Un hombre y un santo para todos los tiempos

Estamos cerca del final de nuestra historia. Marcelino continuó luchando hasta su muerte por conseguir la autorización de sus hermanos, realizando viajes a París, recorriendo uno tras otro despachos oficiales. En ocasiones recibía contraofertas a cambio de la aprobación: por ejemplo, restringir las escuelas de los hermanos a determinadas áreas geográficas o limitarse a la presencia en localidades de no mayores de 1000 habitantes. El fundador no estaba dispuesto a hacer tantas concesiones. Al final las gestiones fracasaron.

Aquel ansiado reconocimiento oficial llegaría en 1842, dos años después del fallecimiento de Marcelino. Esto sucedió cuando los hermanos de la Instrucción Cristiana del padre Mazelier, que estaban en la diócesis de Valence, se unieron al grupo de Champagnat. Al ser admitidos en los Hermanos Maristas, ellos aportaron su autorización legal que les validaba en tres departamentos. Sin ser del todo lo que hubiera querido Marcelino, al menos era un principio.
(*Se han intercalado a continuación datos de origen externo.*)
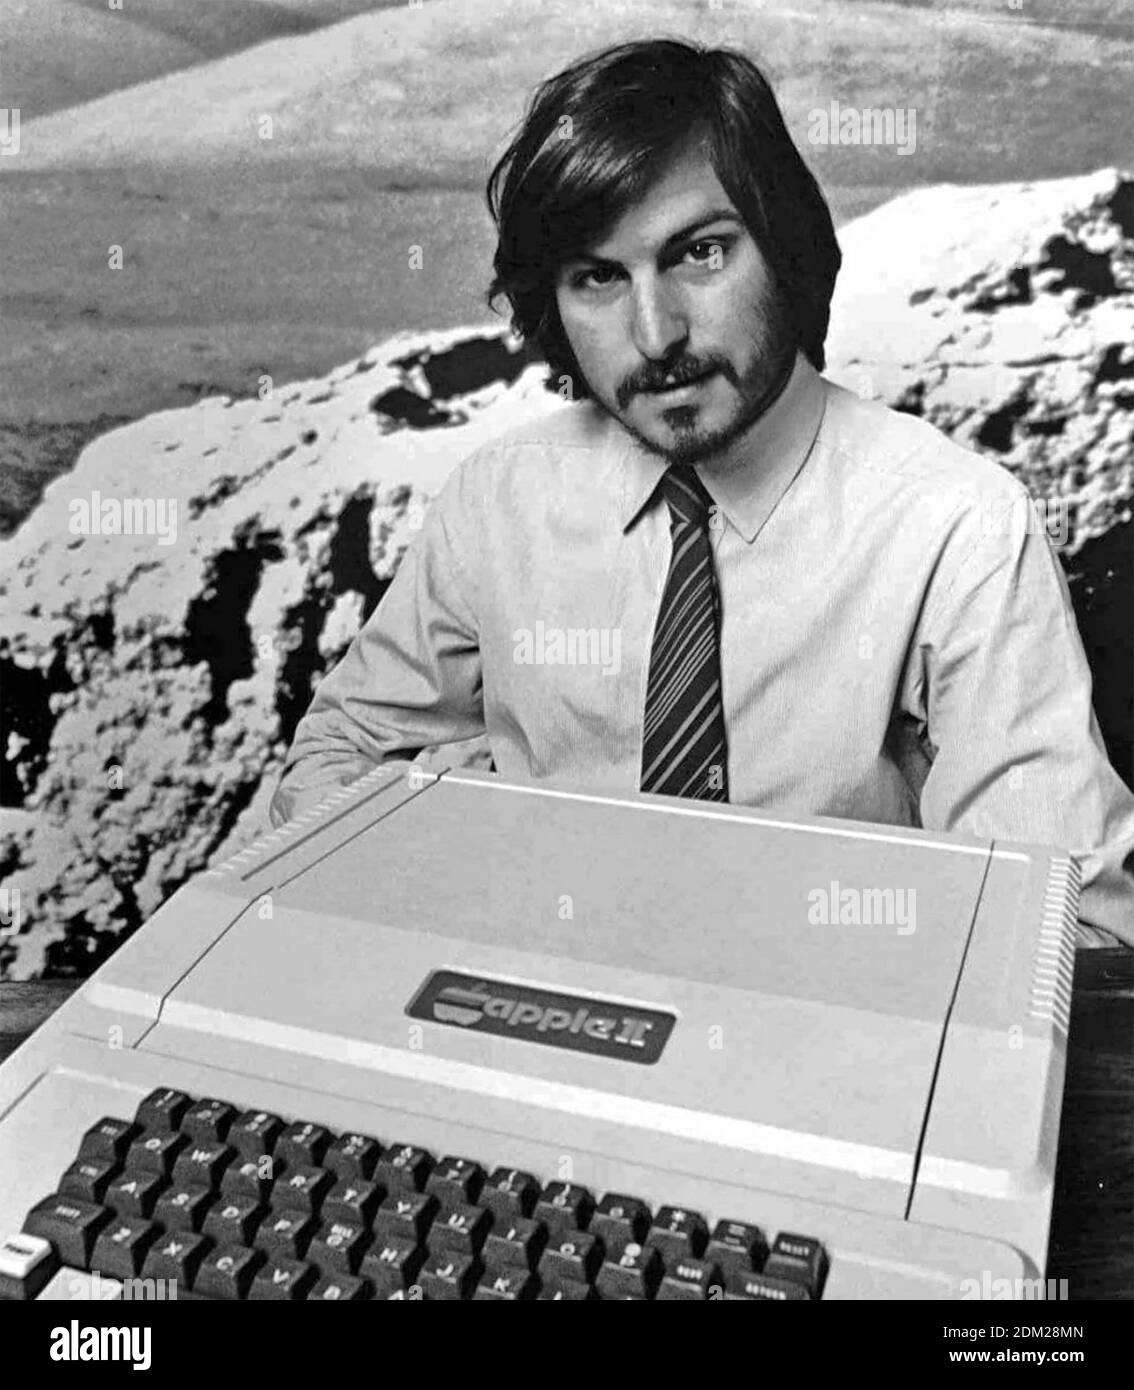 STEVE JOBS (1955-2011) American co-founder of Apple Inc with one of the Apple  II series of computers about 1978 Stock Photo - Alamy

El Instituto continuaba expandiéndose, pero el fundador no quería sobrecargar a los hermanos ni apurar sus recursos hasta el límite. En 1837, por poner un caso, el padre Fontbone, que había sido capellán del Hermitage y ahora estaba misionando en San Luís de Missouri, escribió pidiendo refuerzos para su obra. Marcelino le respondió a vuelta de correo: “Todos los hermanos sintieron envidia de los que elegimos para ir a Polinesia… Gustosamente enviaríamos otros para colaborar en América si nos fuese posible”. Oceanía seguiría siendo la única misión de ultramar durante unos cuantos años.

Marcelino estaba admirado del desarrollo de la obra marista en su conjunto. Una vez dijo a sus compañeros sacerdotes: “Los que estamos en el comienzo de esta obra no somos más que piedras toscas arrojadas en los cimientos. No se usan piedras labradas para esa función. Hay algo maravilloso en el origen de nuestra Sociedad. Lo que sorprende es ver que Dios quiso servirse de tales personas para llevar a cabo su trabajo”.

Marcelino enferma

En el transcurso del año 1839 el fundador sufrió serios quebrantos en la salud. Desde aquel primer período de enfermedad que le sobrevino en 1825 no había dejado de sentir dolores en el costado. Aquello degeneró en inflamación de estómago que le provocaba frecuentes vómitos. El hermano Juan Bautista escribiría posteriormente que, a la vuelta de sus gestiones en París, en 1839, “era patente que su fin se acercaba rápidamente”.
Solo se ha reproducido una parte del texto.